Figure 4 shows the curves in terms of \(F_1\) measure on the testing set. It indicates that our proposed two methods outperform the TextRank method, which achieves the best performance among all baselines, for all conditions. When issuing one or two queries, the baseline methods are similar to the Simple method, but are much worse than the Hybrid method. This indicates that although keyword extraction is useful in selecting important words, the other words, such as stop words, are useful if considering their ordering in our task.

The Hybrid method, which utilizes different query formulation strategies for title, body and others, dramatically improves the Simple method. It improves the \(F_1\) measure from 0.862 to 0.905 when all queries are used. More improvements are gained when the budget of queries is small. For example, if only one query is given as a budget, the Hybrid method improves the Simple method by 48.4 % (from 0.536 to 0.803) in \(F_1\). If the budget is two, the Hybrid method improves the Simple method by 40.7 %. If the budget is three, the Hybrid method improves the Simple method by 16.7 %. This indicates that the Hybrid method is the best among all methods in both effectiveness and efficiency.

5.4 Experiments on Result Aggregation

We conduct experiments to compare two aggregation methods, i.e., the Borda Count and the weighted Borda Count. We evalaute four methods: the first two are the Simple method with or without the weighted aggregation (denoted as Simple and Simple+Weight), and the other two are the Hybrid method with or without the weighted aggregation (denoted as Hybrid and Hybrid+Weight). Results are shown in Table 4, together with the performance of the competitor commercial app called Sight, without limitations of query budget.

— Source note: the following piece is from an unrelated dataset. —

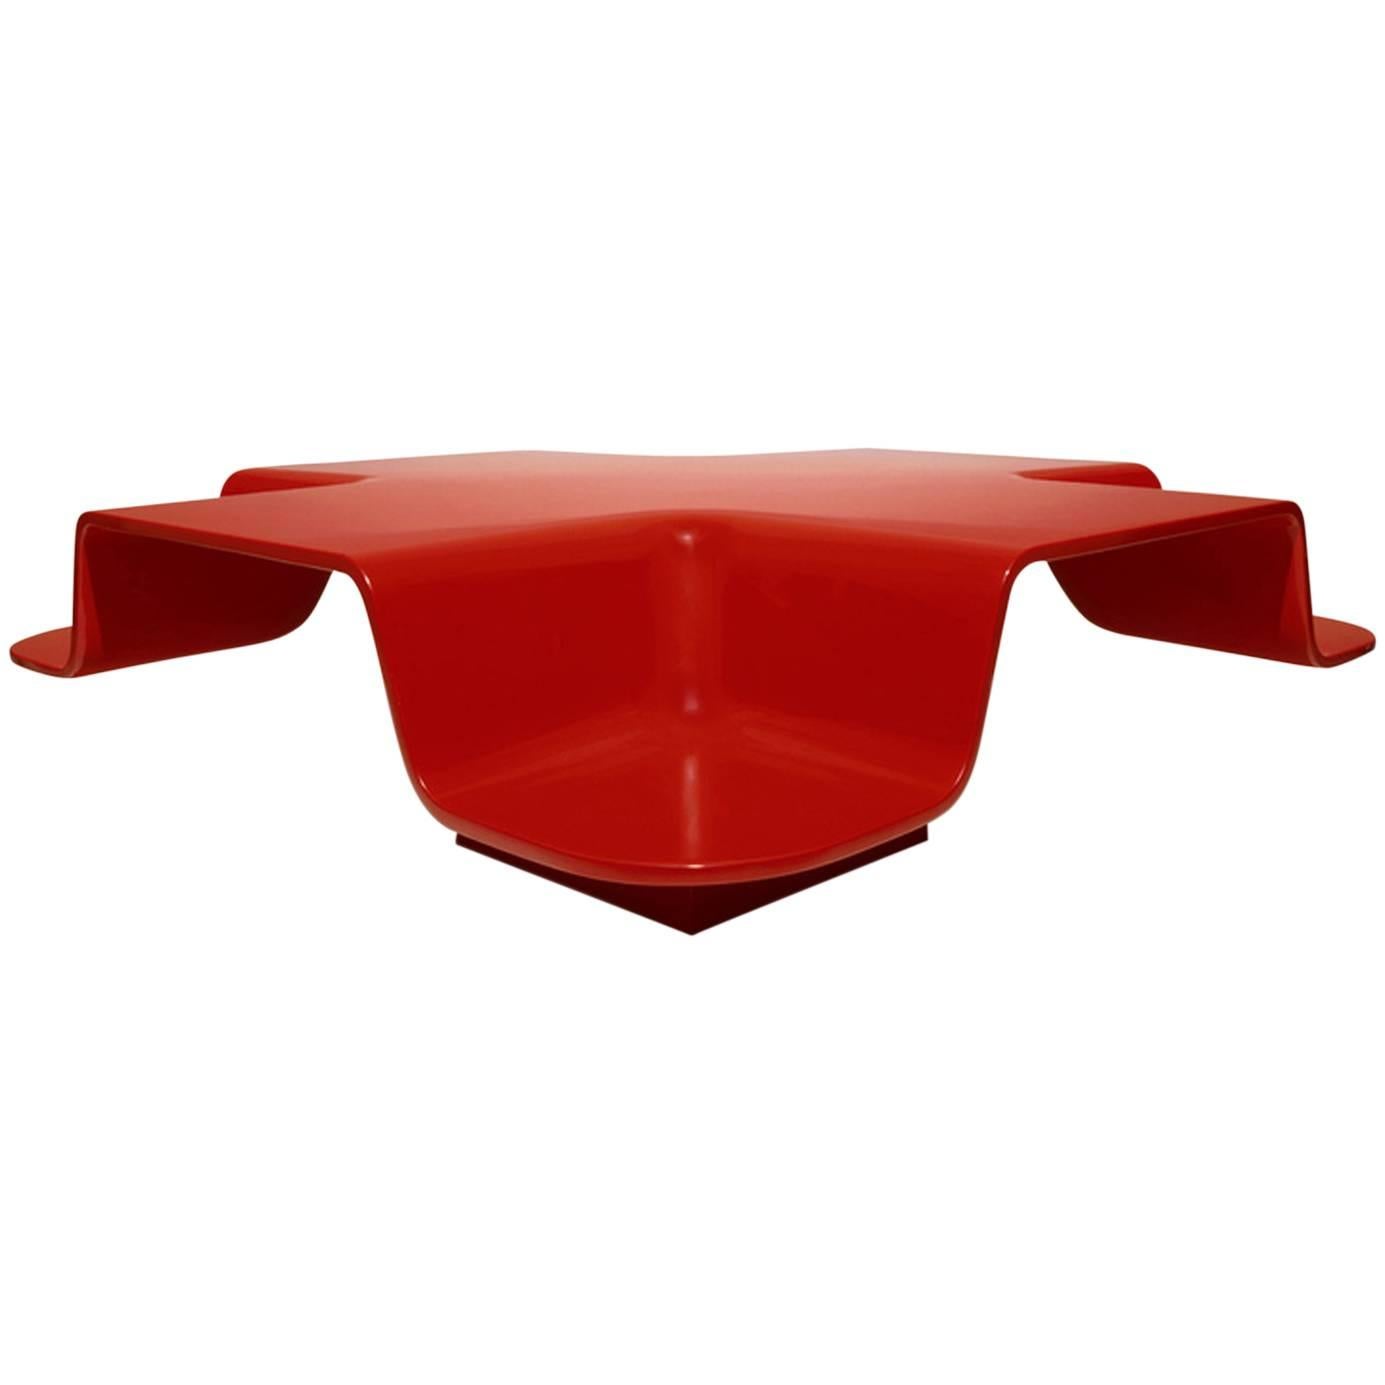 Fiberglass Table, Hand Molded and Painted in Ferrari Red Lacquer, Contemporary For Sale

Table 4 Comparison of methods in the effectiveness and efficiency of discovering the best URLs

The table indicates that the Simple+Weighted method dramatically improves the Simple method from 0.862 to 0.905. This indicates that the weighted Borda Count aggregation is effective to improve the Simple method. However, we could not observe any further improvement when applying the weighted aggregation to the Hybrid method. It can be explained by the Hybrid method well utilizing the attribute information in formulating queries with different strategies and in ordering those queries from title, body, and others. Thus, it has less room to improve compared to the Simple method.

Fig. 5
figure 5

Comparing of methods on query weighting with different query budgets

When we plot the performance curves with different query budgets for the four methods (see Fig. 5), we find that there is almost no difference between the Hybrid and the Hybrid+Weighted curves, whereas, the Hybrid curve is still above the Simple+Weighted curve until they meet when all queries are used. This indicates that the Hybrid method is so far the best way to utilize our screenshot representation and query formulation methods. As Table 4 shows, it also outperforms the commercial app Sight by 8 % in precision and 14 % in recall.

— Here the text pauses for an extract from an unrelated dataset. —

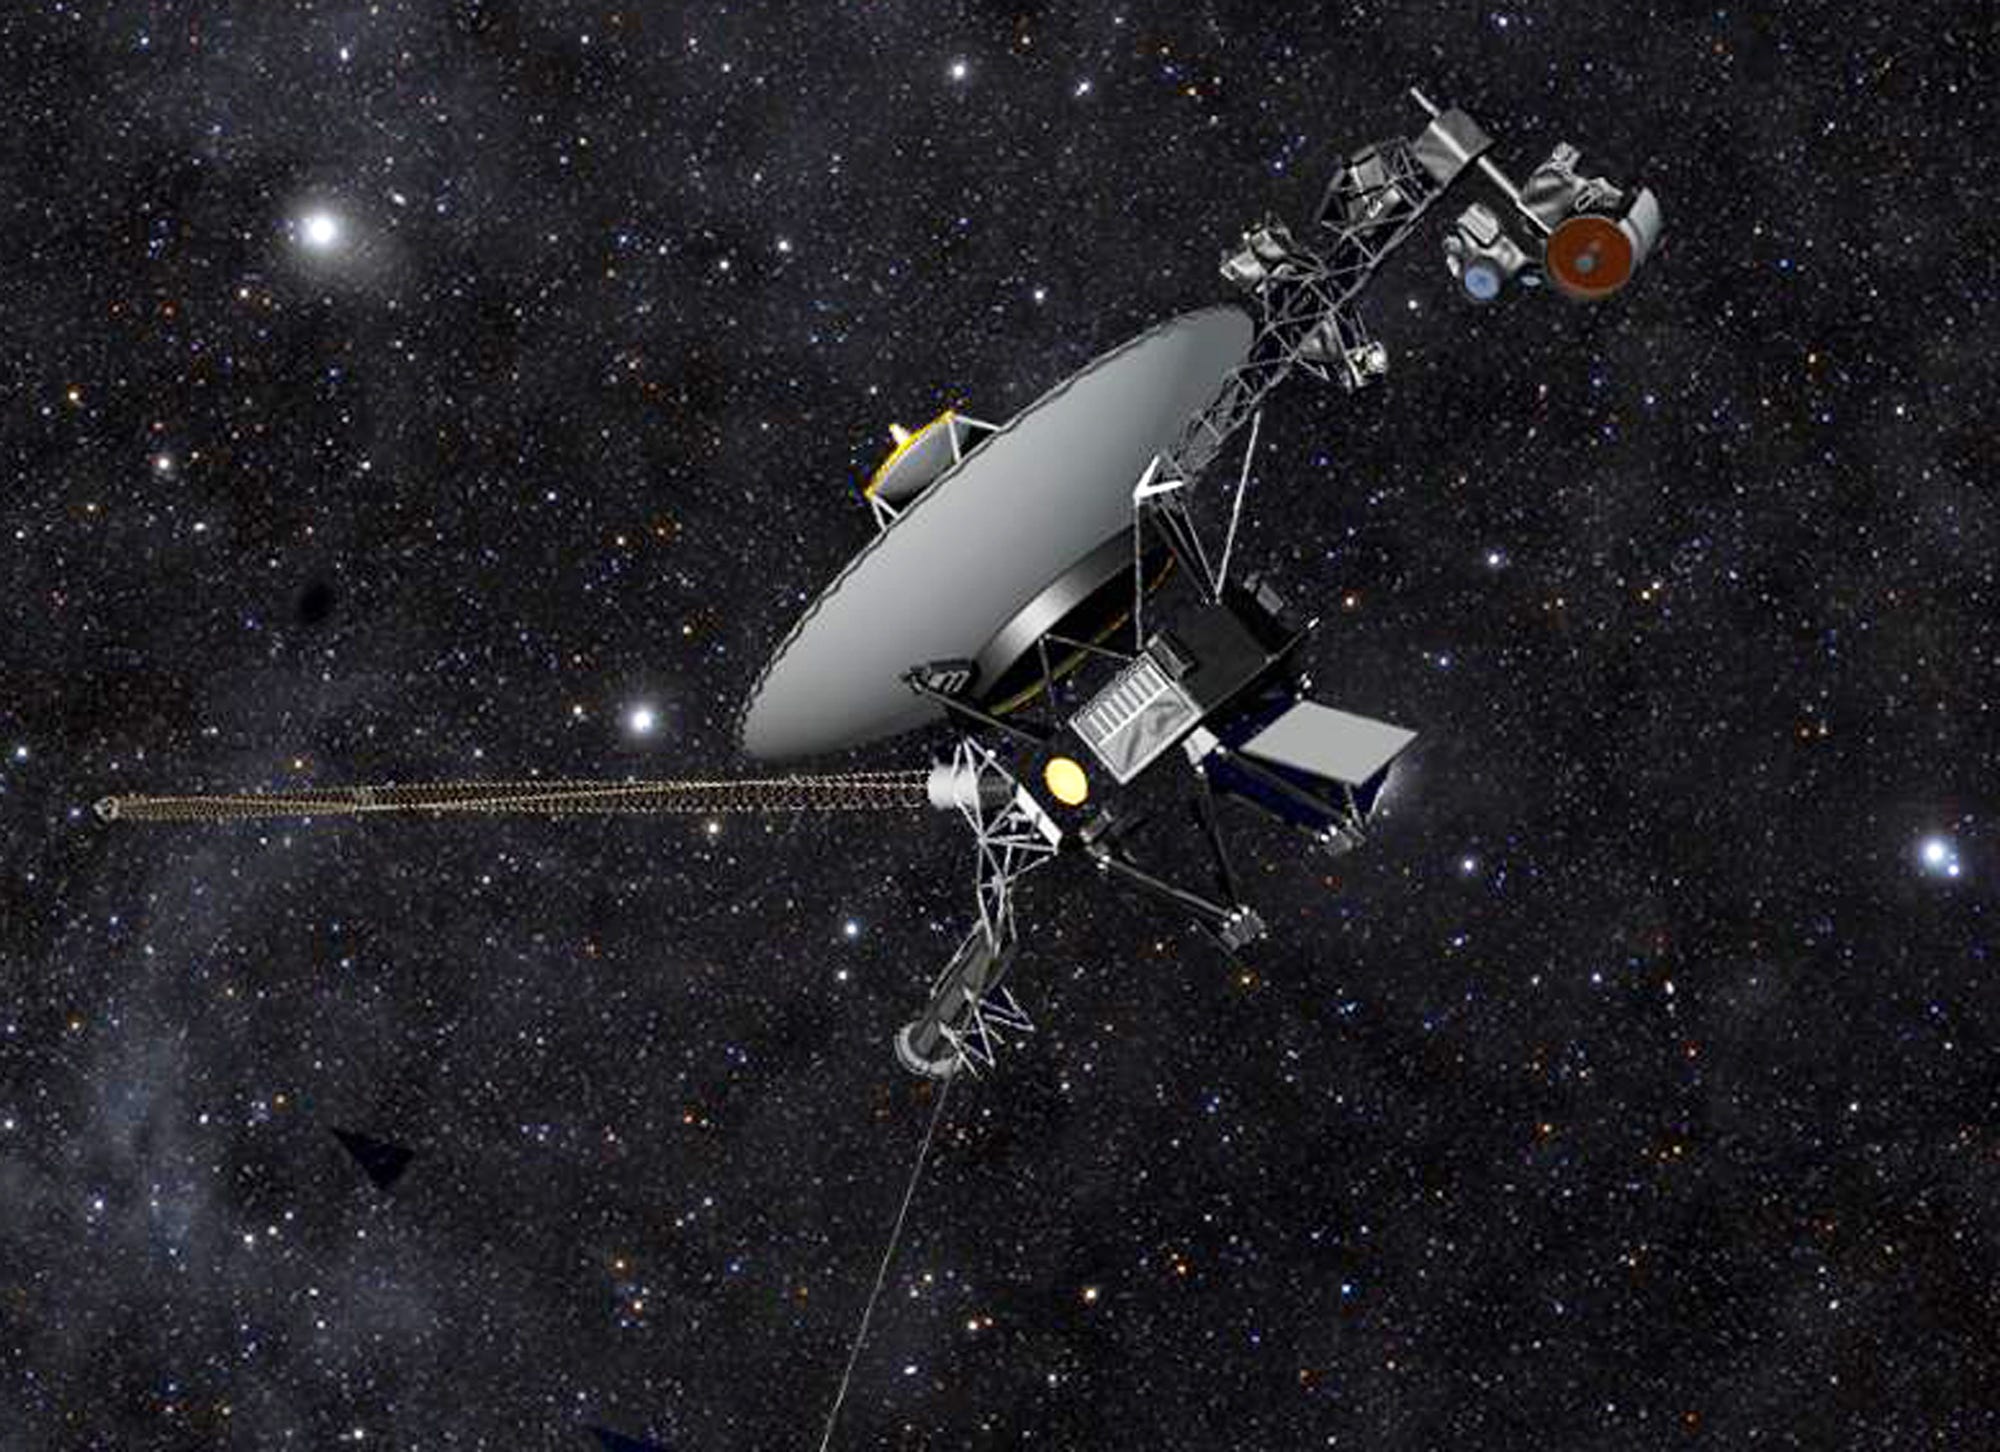 Artist rendering shows NASA's Voyager 1 spacecraft barreling through space. NASA announced Sept. 12 that Voyager 1 has become the first spacecraft to enter interstellar space, or the space between stars, more than three decades after launching from Earth.

6 Conclusions and Future Work

In this paper, we propose a UniClip service that allows users to clip an article just by taking its screenshot. Given an article’s screenshot, UniClip tries to discover the exact same article from the Web and save the full article for users. Compared to existing solutions in industry, UniClip has advantages of taking notes effortlessly and independently from other apps. Experimental results showed that our proposed methods achieved 0.905 in terms of F1 measure, which outperforms the baseline methods.

In the future, we plan to expand from screenshot to photos. For example, a user takes a photo of a page from a magazine and tries to find the full article from the Web. We are also interested in designing new interaction ways to allow users to specify an area they are interested in within the photo. For example, a user can take a photo of some app icons and specify one with their finger. We will then try to search the app and the links to download it.